QC is not a one-time checkbox at the beginning of your workflow. You should check quality at every stage:

  • Raw reads: Are the sequences high quality? Is there adapter contamination?
  • After trimming: Did trimming improve quality without losing too much data?
  • After alignment: What fraction of reads mapped? Are there too many duplicates?
  • After variant calling: Are the variant statistics consistent with expectations?
  • After assembly: Is the assembly complete? Are there missing genes?

The cost of skipping QC is real: wasted compute hours processing bad data, false positive results that don’t replicate, and in the worst case, retracted papers. The good news is that QC is fast and easy. Fifteen minutes of checking quality can save you weeks of troubleshooting.

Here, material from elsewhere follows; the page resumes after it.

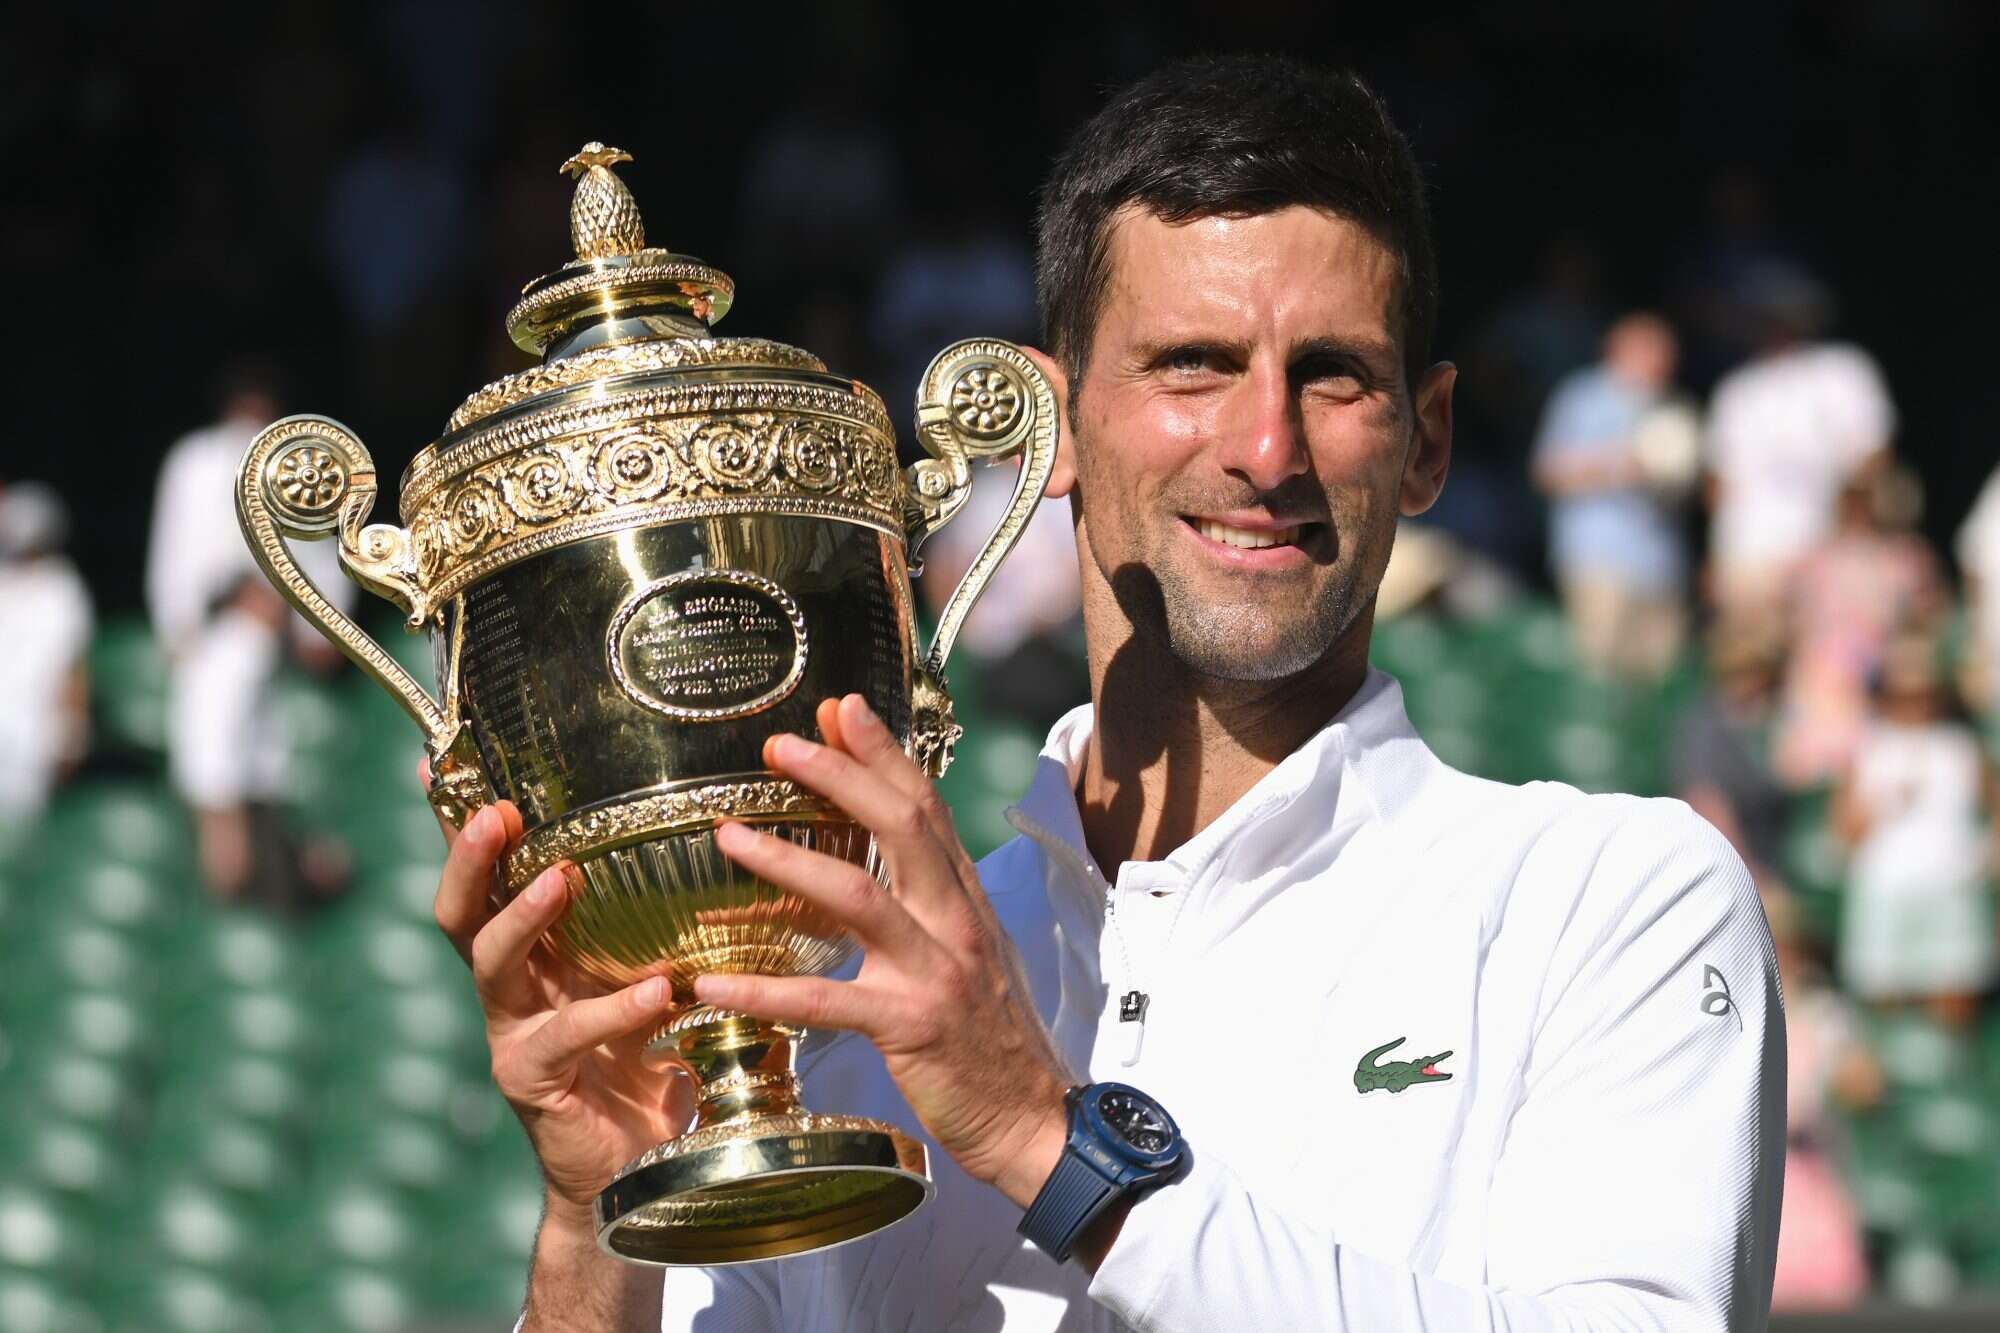 Novak Djokovic Says He'll Likely Skip U.S. Open Over Vaccine Policy

Recommended starting point. Open OnDemand provides a web portal with a file browser, terminal, job submission forms, and interactive apps like JupyterLab and RStudio. No software to install.

  1. Navigate to the OOD portal

    Go to https://gateway.<cluster>.rcac.purdue.edu and log in with your Purdue (BoilerKey) credentials.

    ClusterOOD URL
    Gautschigateway.gautschi.rcac.purdue.edu
    Negishigateway.negishi.rcac.purdue.edu
    Bellgateway.bell.rcac.purdue.edu
    Gilbrethgateway.gilbreth.rcac.purdue.edu
  2. Tour the dashboard

    After login you will see the OOD dashboard with these key sections:

    • Files: Browse, upload, download, and edit files on the cluster
    • Jobs: View active jobs or use the Job Composer to build submission scripts
    • Clusters: Open a shell terminal (equivalent to SSH) directly in the browser
    • Interactive Apps: Launch JupyterLab, RStudio Server, and other GUI applications
  3. Open a terminal

    Click Clusters in the top menu and select the cluster shell access (e.g., Gautschi Shell Access). A terminal opens in your browser. You are now on a login node.

cd $RCAC_SCRATCH
mkdir -p genomics_exchange/session6
cd genomics_exchange/session6

RCAC provides bioinformatics software through the module system. Always start with a clean environment:

module --force purge

We will load specific tool modules as needed in each section below.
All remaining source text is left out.